THE DATA:
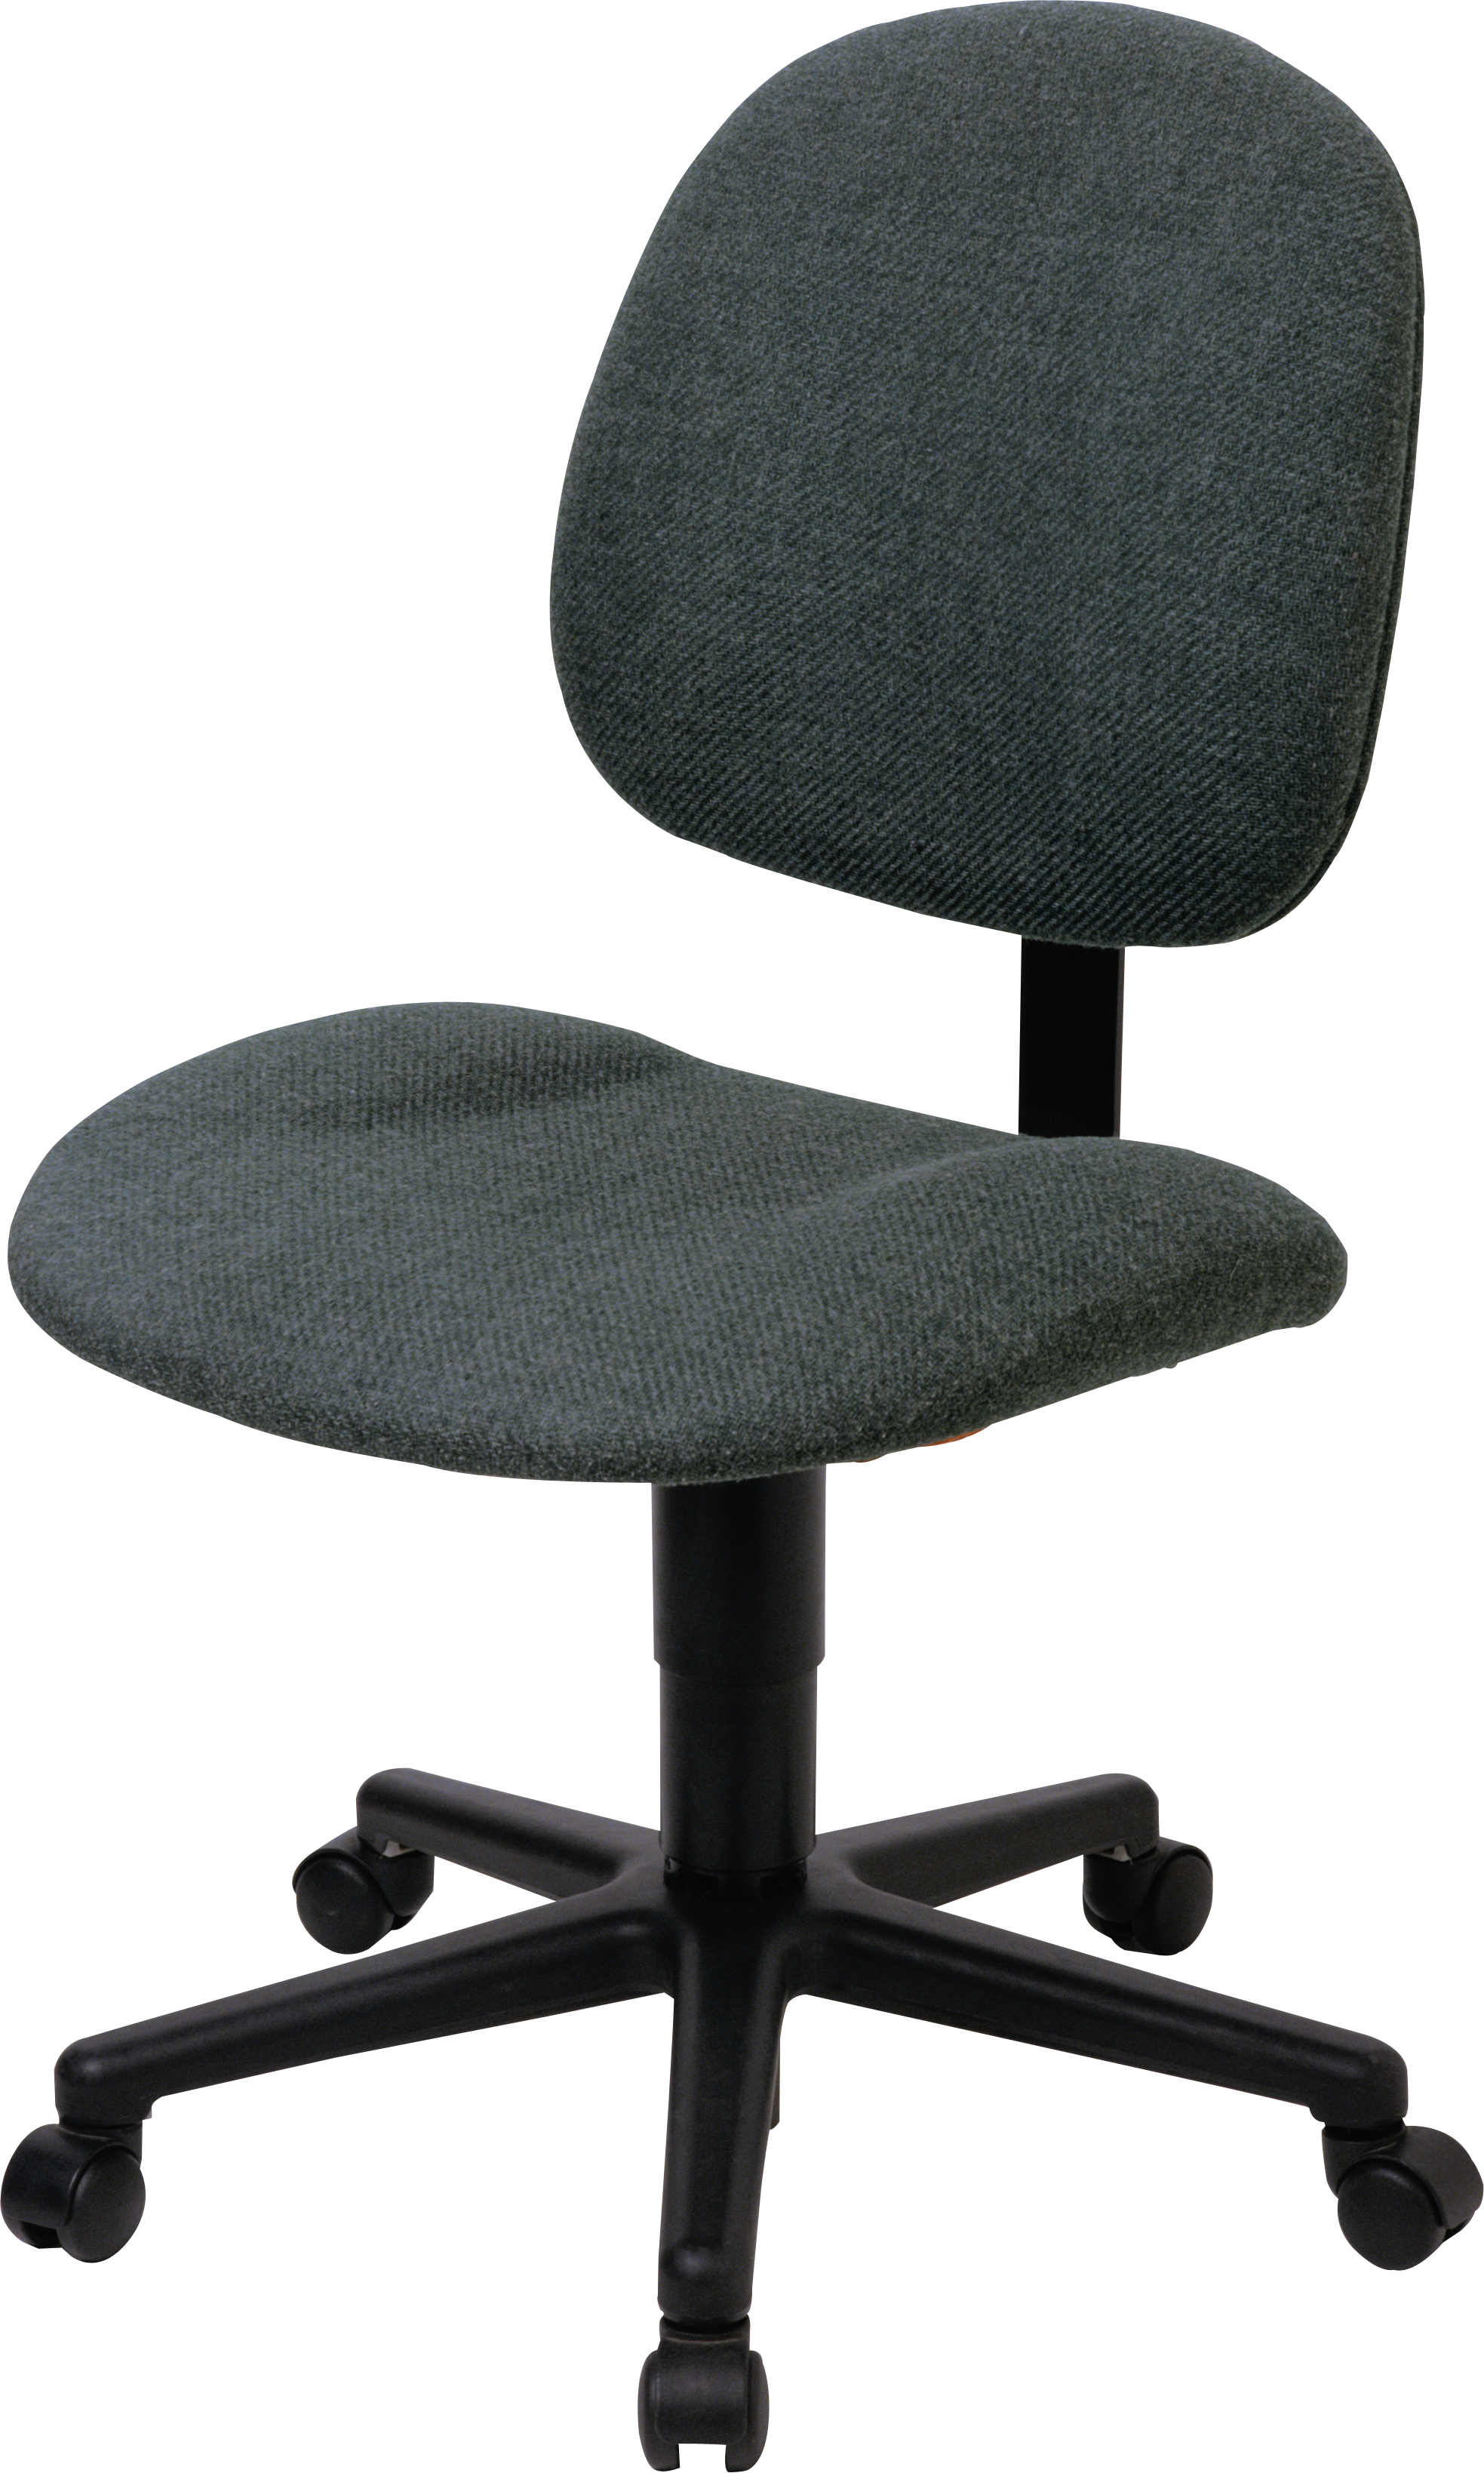 Free Office Chair Cliparts, Download Free Clip Art, Free
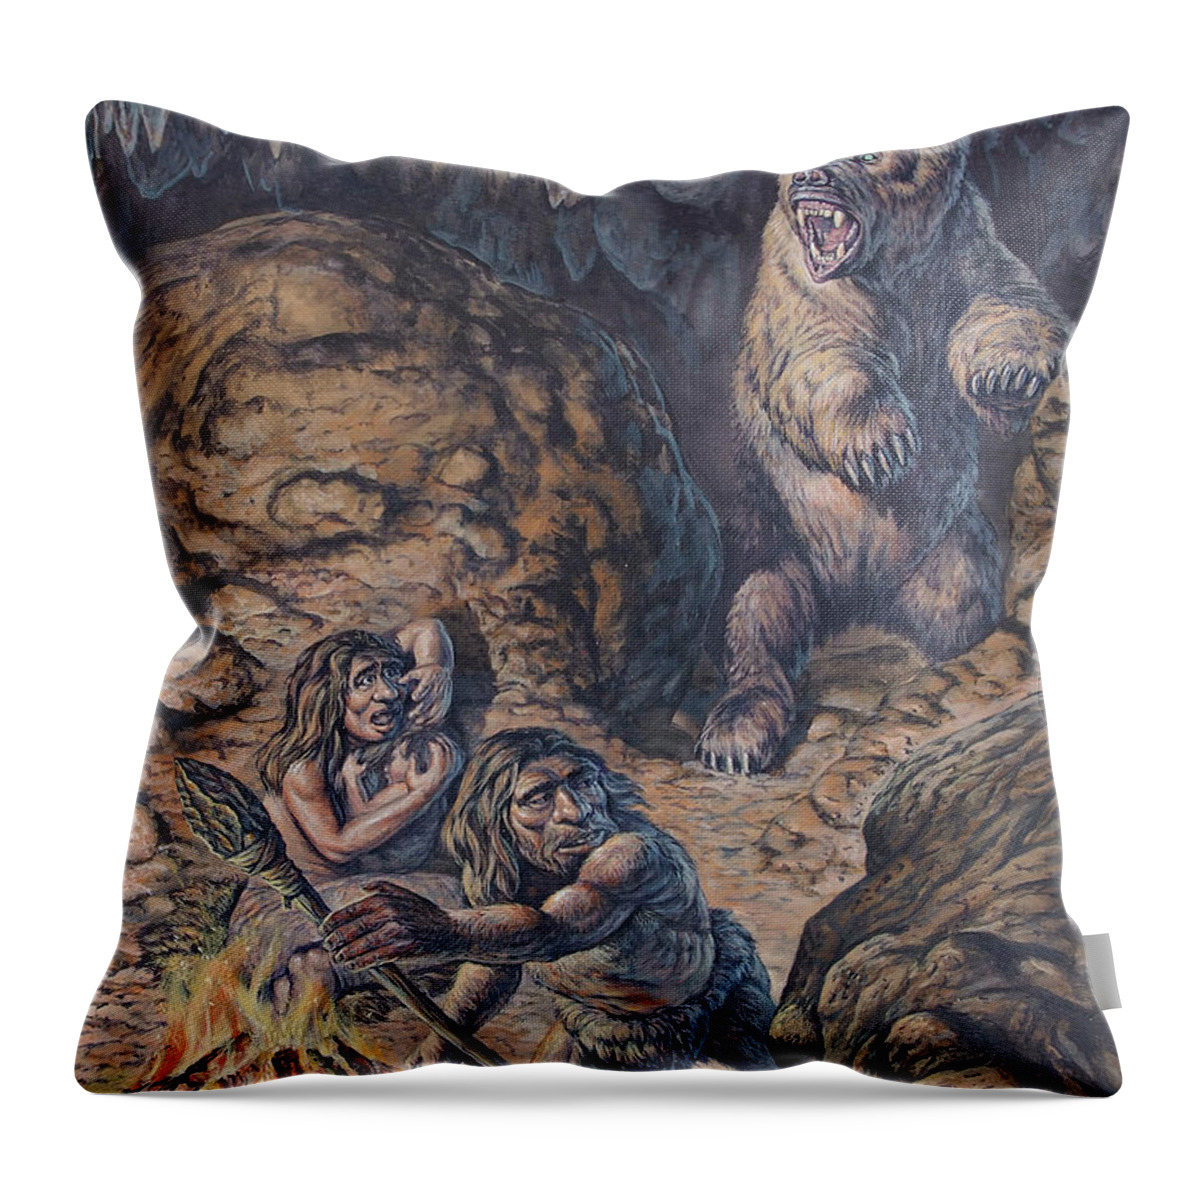 Vertical Throw Pillow featuring the digital art Neanderthal Humans Confronted By A Cave by Mark Hallett
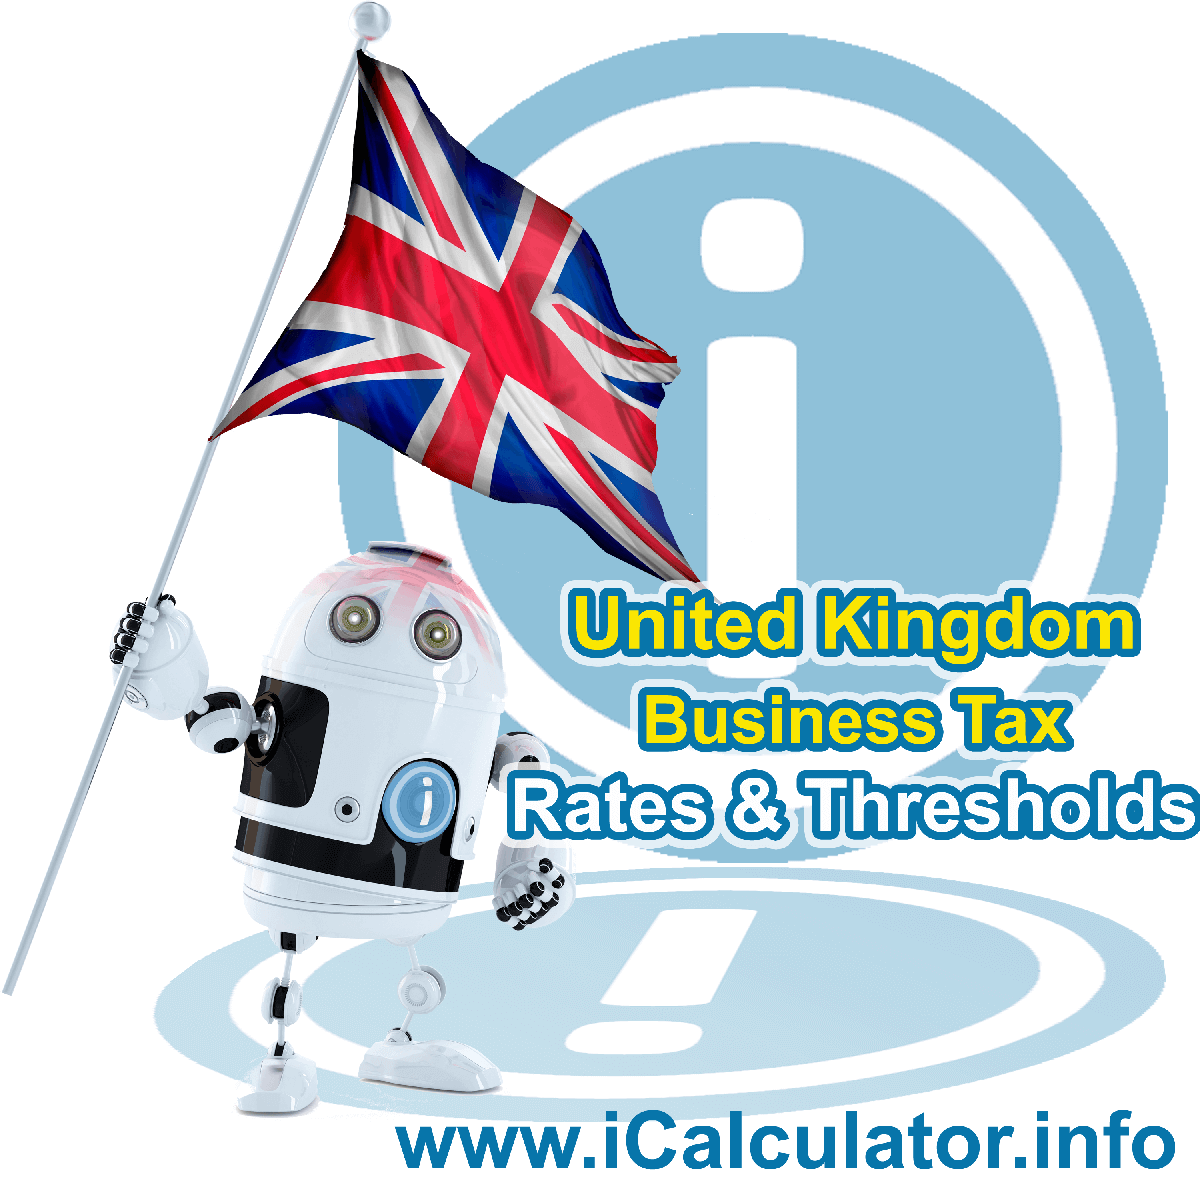 United Kingdom Corporation Tax Rates in 2013. This image shows the United Kingdom flag and information relating to the corporation tax formula for the United Kingdom Corporation Tax Calculator in 2013

WHAT YOU NEED TO DO: Print the data again, word for word, without any pictures.

SOLUTION BELOW:
 Free Office Chair Cliparts, Download Free Clip Art, Free
 Vertical Throw Pillow featuring the digital art Neanderthal Humans Confronted By A Cave by Mark Hallett
 United Kingdom Corporation Tax Rates in 2013. This image shows the United Kingdom flag and information relating to the corporation tax formula for the United Kingdom Corporation Tax Calculator in 2013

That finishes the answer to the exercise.